■ **INSTRUCTIONS TO FOLLOW**
Repeat all the lines below exactly, but omit the pictures.

##### SOURCE DATA

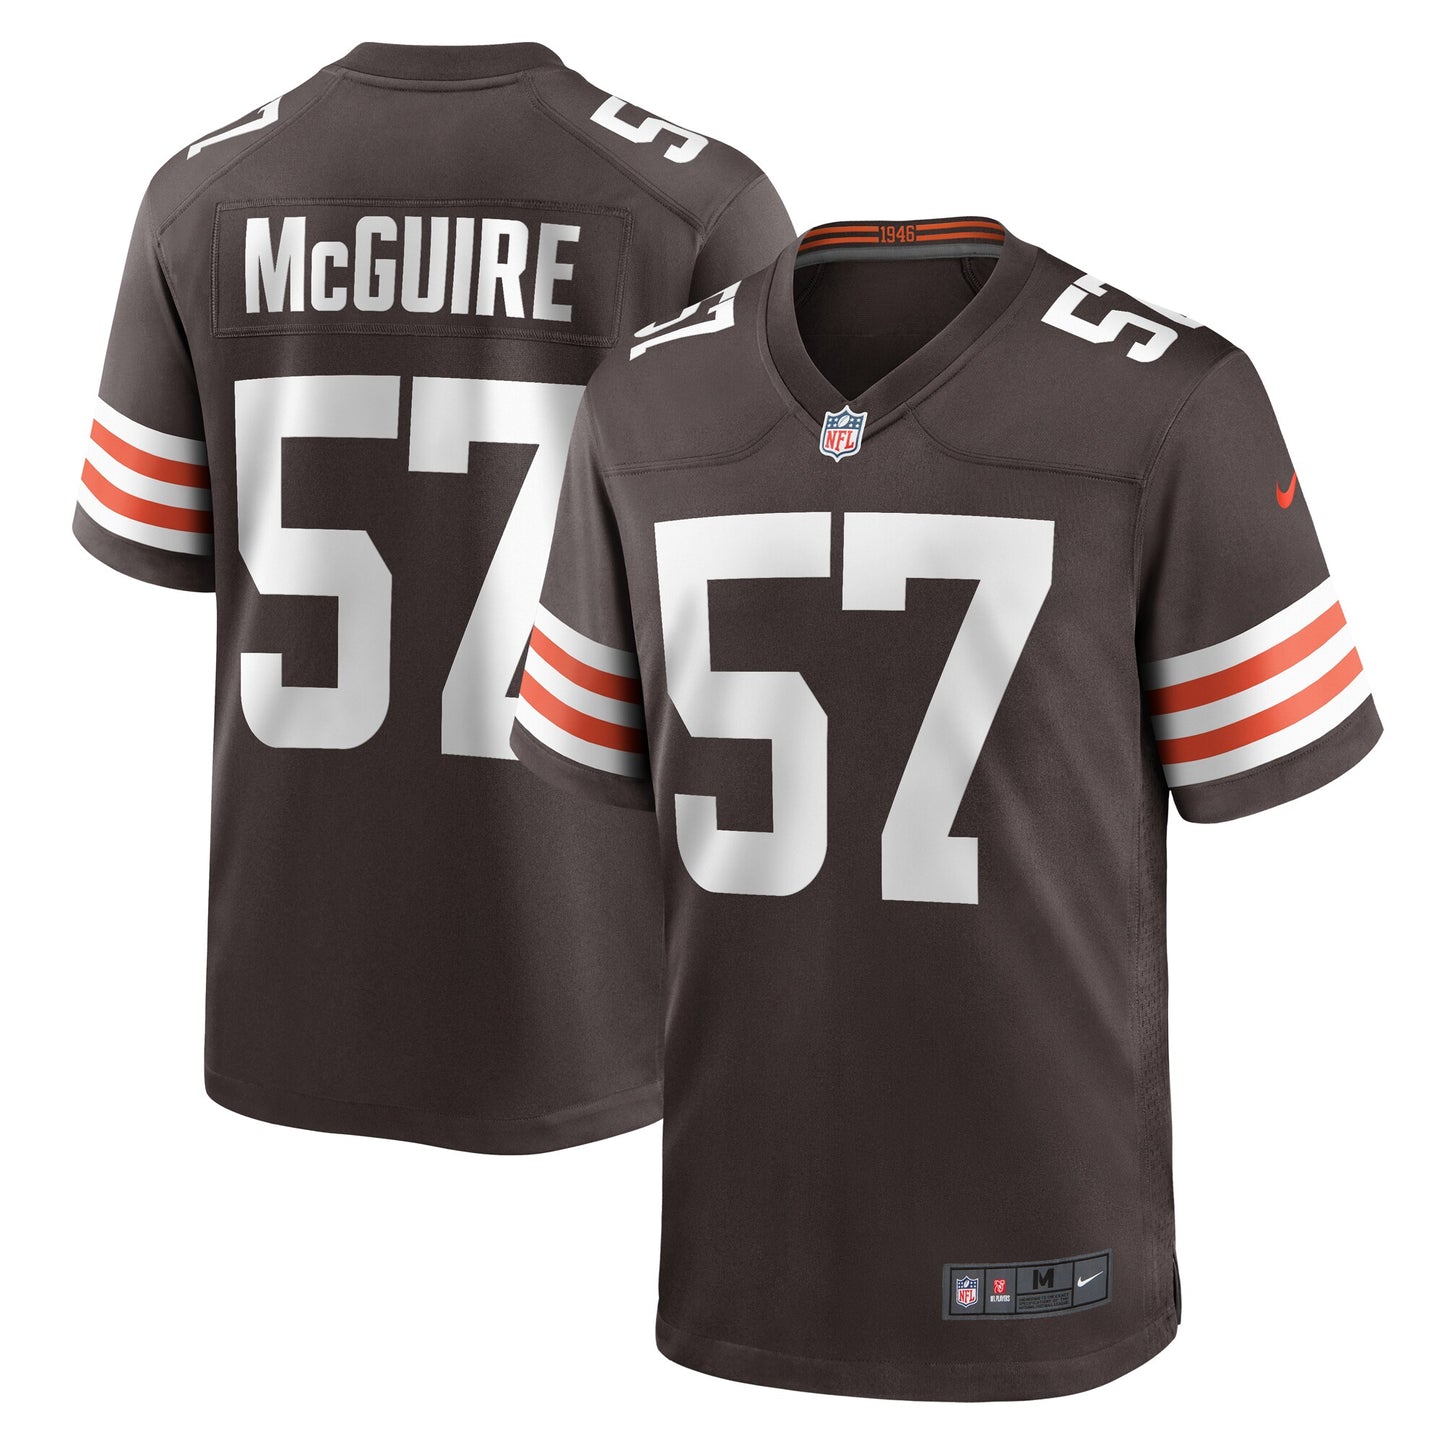 Isaiah McGuire Cleveland Browns Nike Team Game Jersey - Brown
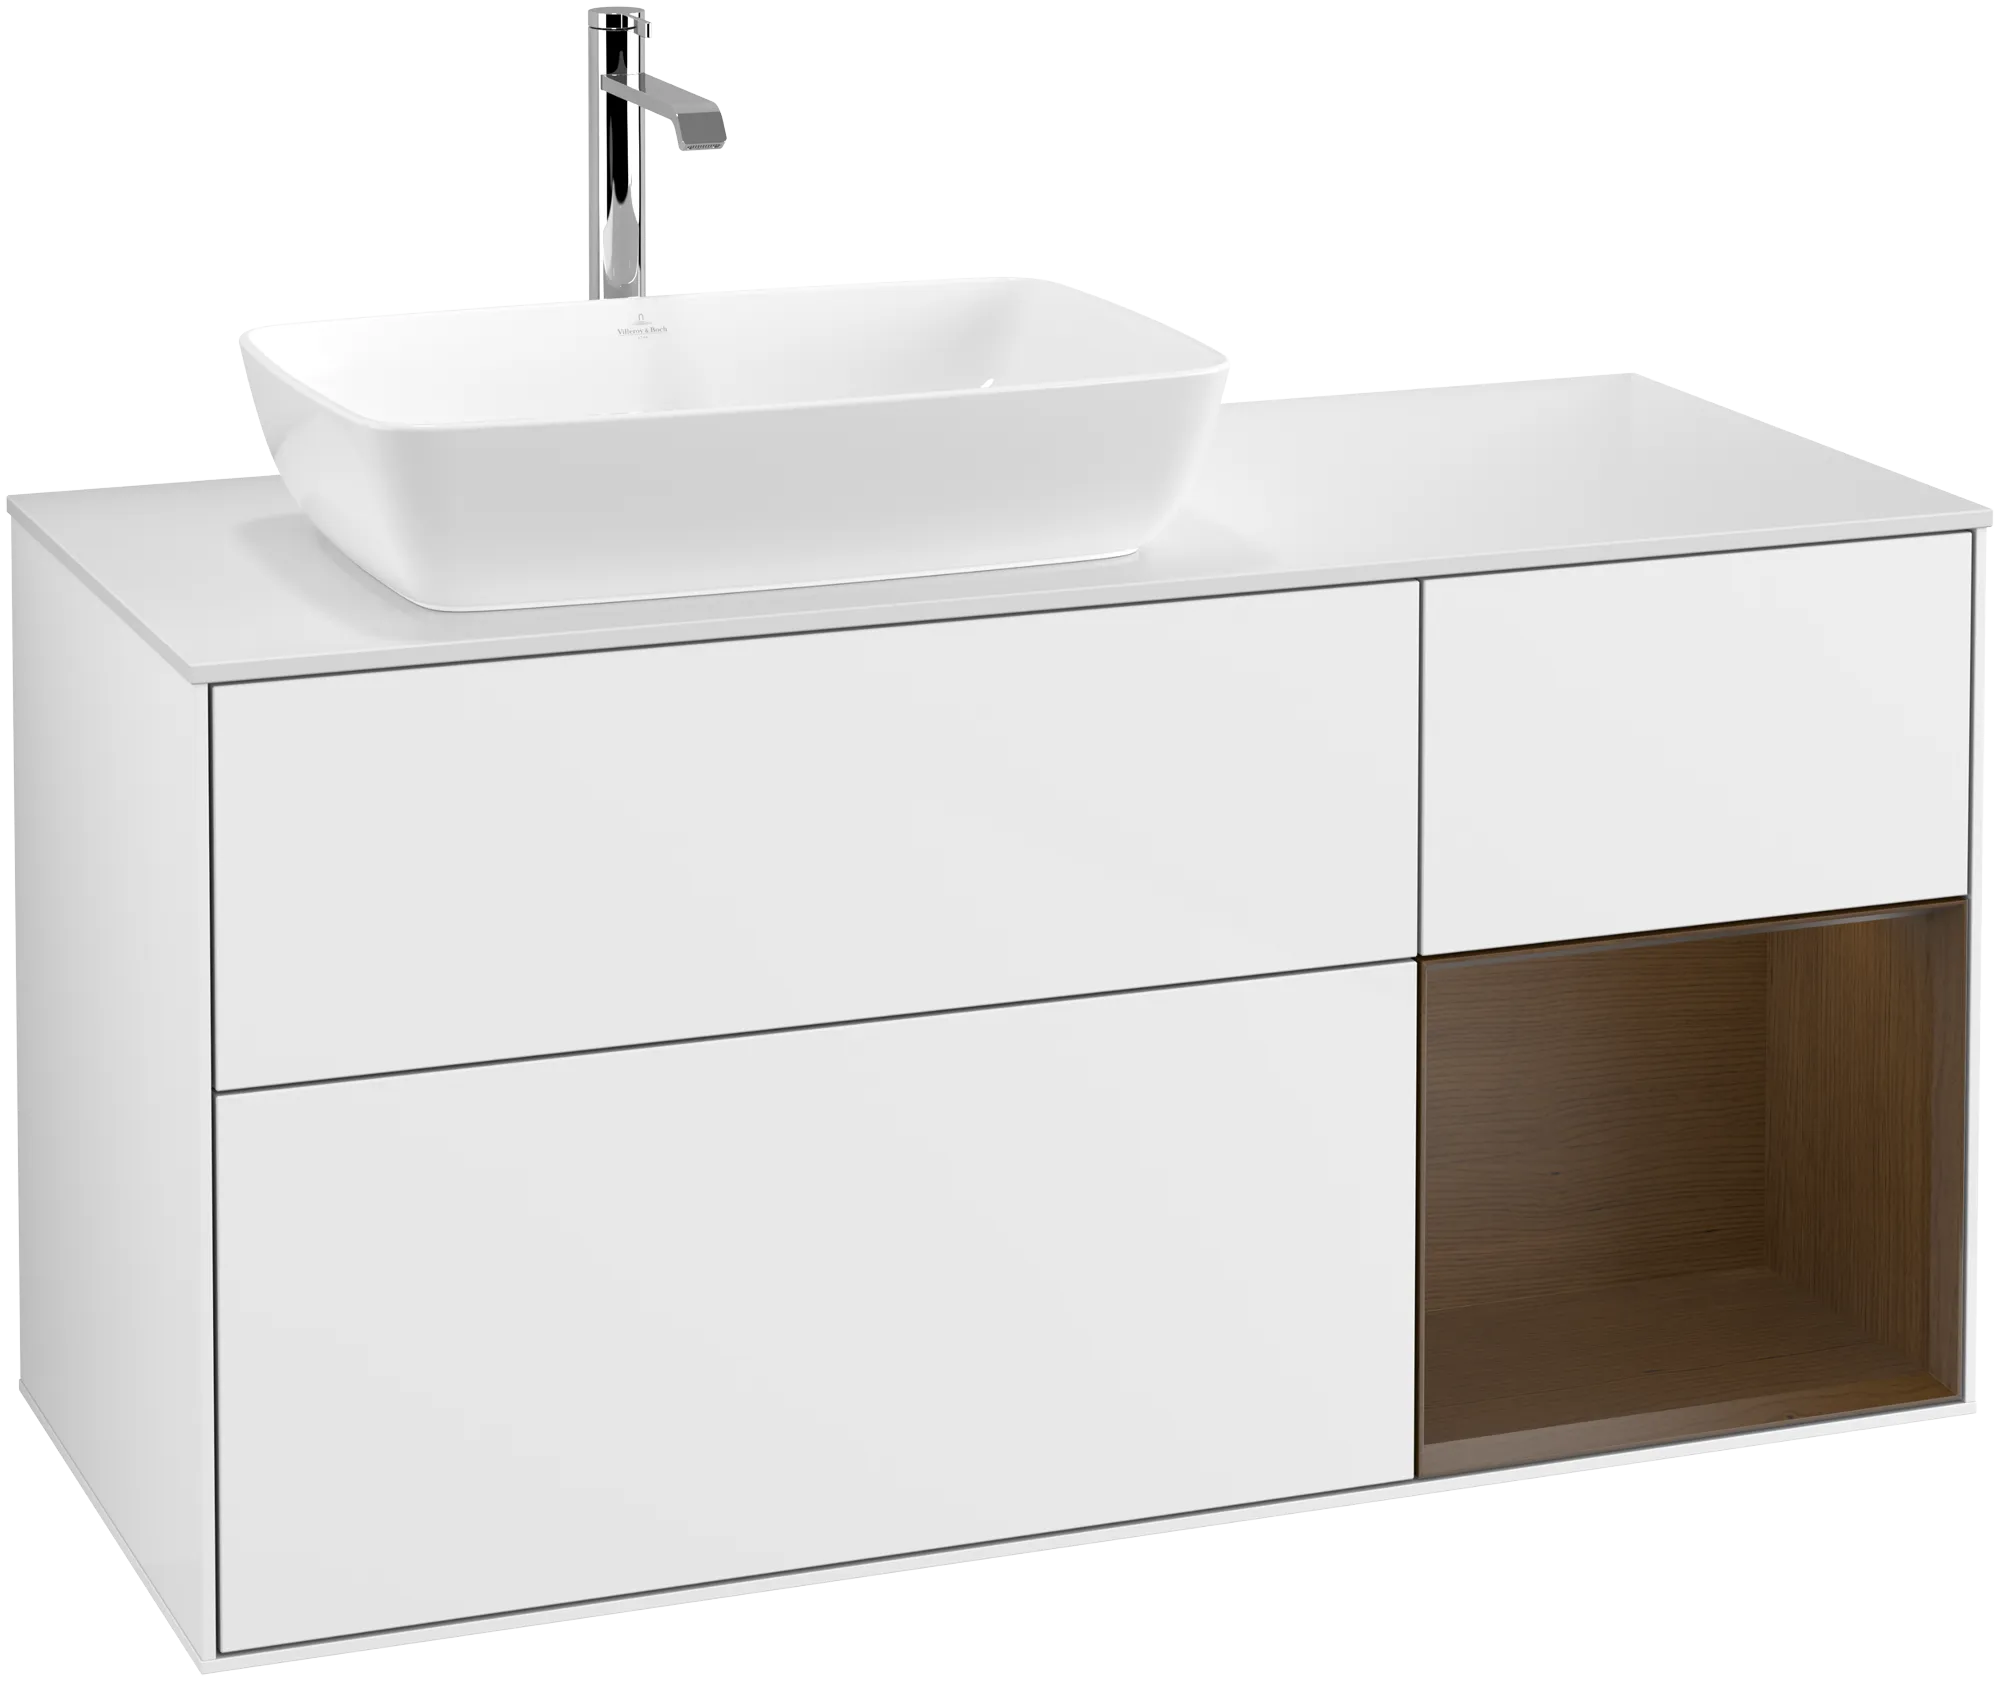 Obrázek VILLEROY BOCH Finion Vanity unit, with lighting, 3 pull-out compartments, 1200 x 603 x 501 mm, Glossy White Lacquer / Walnut Veneer / Glass White Matt #G811GNGF
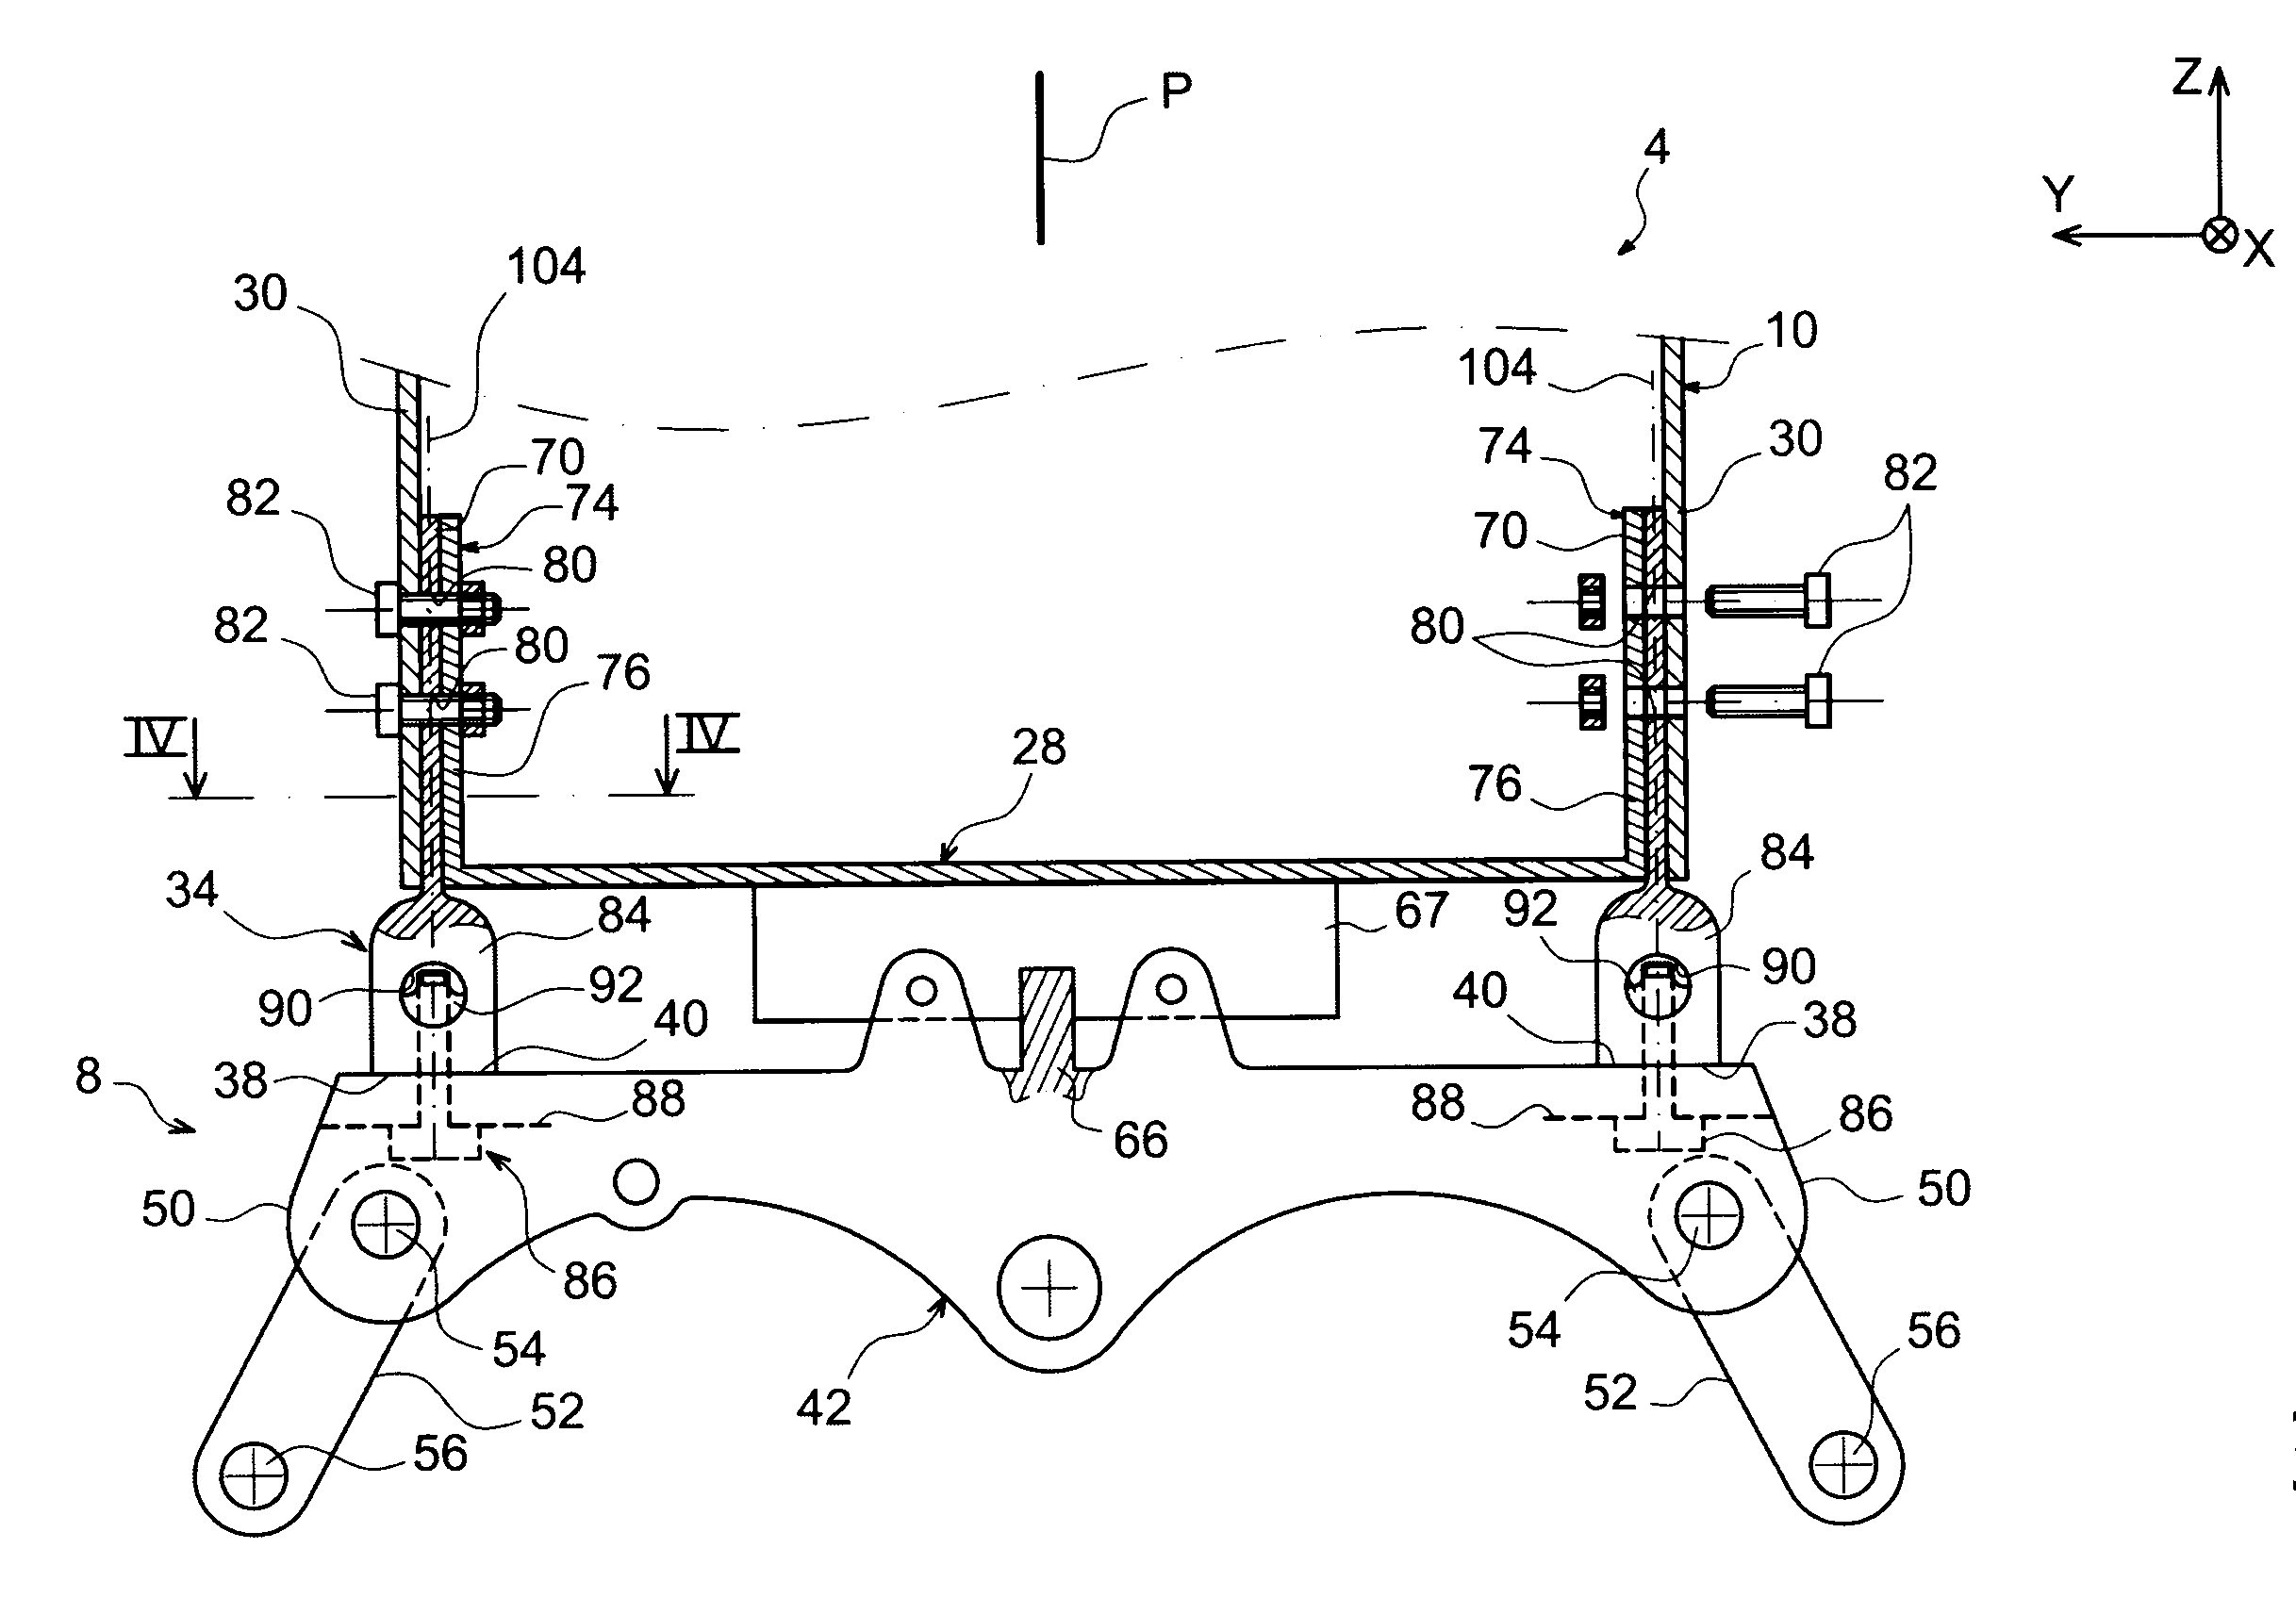 Aircraft engine attachment pylon having a rear engine attachment provided with a self-locking nut

##########

■ **ANSWER SPACE**
 Isaiah McGuire Cleveland Browns Nike Team Game Jersey - Brown
 Obrázek VILLEROY BOCH Finion Vanity unit, with lighting, 3 pull-out compartments, 1200 x 603 x 501 mm, Glossy White Lacquer / Walnut Veneer / Glass White Matt #G811GNGF
 Aircraft engine attachment pylon having a rear engine attachment provided with a self-locking nut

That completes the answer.